Thursday, February 23, 2006

The Cut Ups by William S. Burroughs

I was living in Seattle in 1991, a recent graduate from the University of Oregon. Patty, my friend, and I were living in a one-bedroom apartment on Capitol Hill. I believe it was on Summit Avenue, you know, just down the hill from that Safeway on Broadway.
One Friday night, we went to the showing of a few short films by William S. Burroughs. This was around the time of "Naked Lunch" and Burroughs was enjoying a resurgence of popularity. The films were showing in downtown Seattle, on Pine Street, I think, at a divey bar. We took the bus there, and, once there, got two mugs of Pabst at the bar before settling in to the "theater."
The theater was a back room of the bar, with big red booths.
Before we were allowed to watch the movie, however, we were subjected to a poem by Steven Jesse Bernstein. Not read by him, of course, as he was in jail or had been injured or something (he actually may have just died!). The person who read it, wearing his "poet" uniform, was trying to raise money to publish some of Berstein's poems. This poem was called "How I Met My Present Wife" and it involved some lewd acts I won't subject you to, but to suffice it to say that the poem involved Nixon's dead body, and there were several references to flatulence.
The poem was bad enough, but worse still were the audience members giving him the serious poetry nod and doing that "hmm"ing thing that drives me nuts. As I was suffering through this torture, I looked around and realized that all the doors, including the one we had entered through, were marked with little signs that said "This is NOT an exit."
Finally the movies started.

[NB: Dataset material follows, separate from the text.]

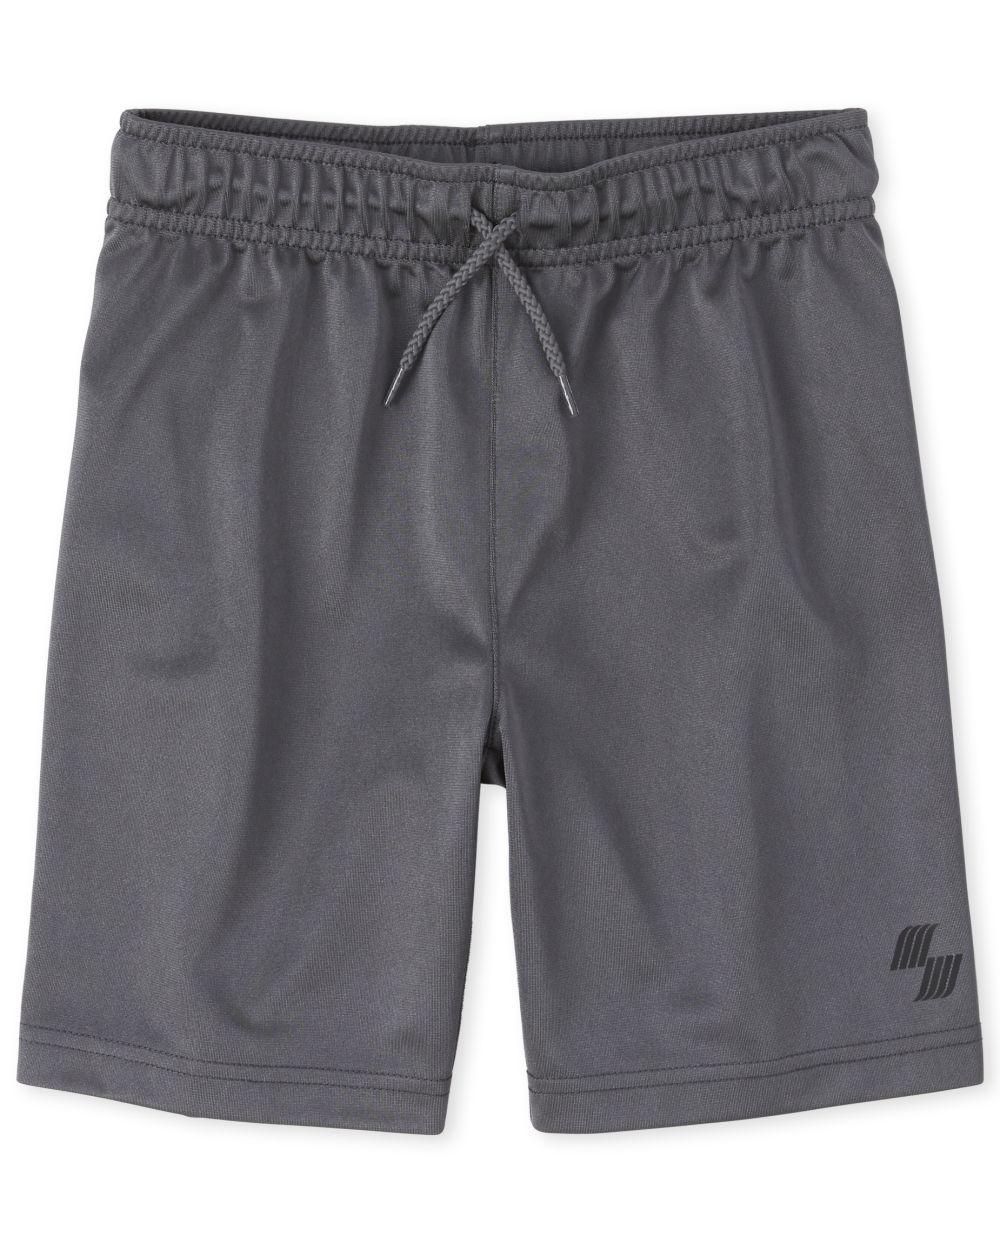 Boys Mix And Match Basketball Shorts
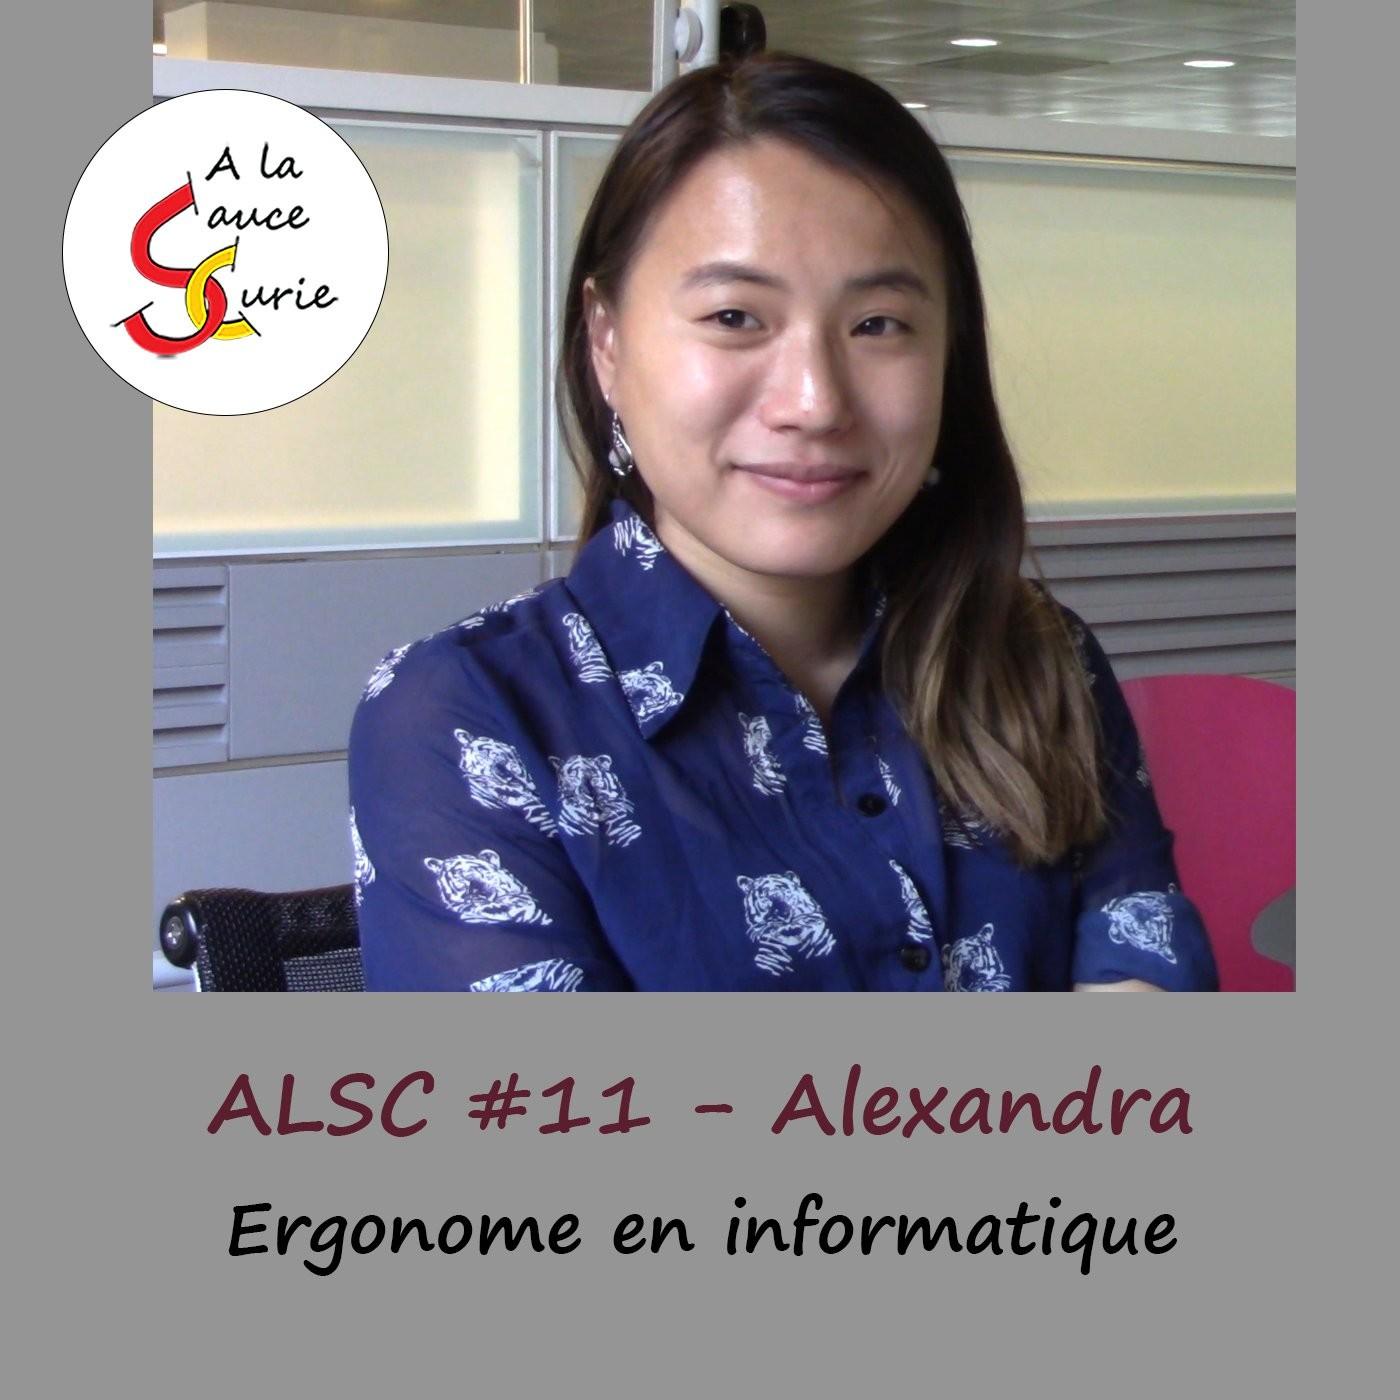 Alexandra, Ergonome en informatique [ALSC S01E10]

I can't remember how many there were, maybe three, but one was "The Cut Ups." It involved a light machine, a man dressed as a doctor, and Burroughs intoning, over and over, "Does it seem to be persisting?"
For many months afterward, this was a little joke we had. If we were bored, or if a certain moment outlasted its entertainment value, Patty would turn to me and ask, in Burroughs' voice, "Does it seem to be persisting?"

3 comments:

Nik said...

One word: Mugwumps.

Condiment said...

Yes, hello. Yes. Hello. Thank you. Yes, hello. Yes, Interzone.

Anonymous said...

Hey, was sleep e there? He's got the lines down.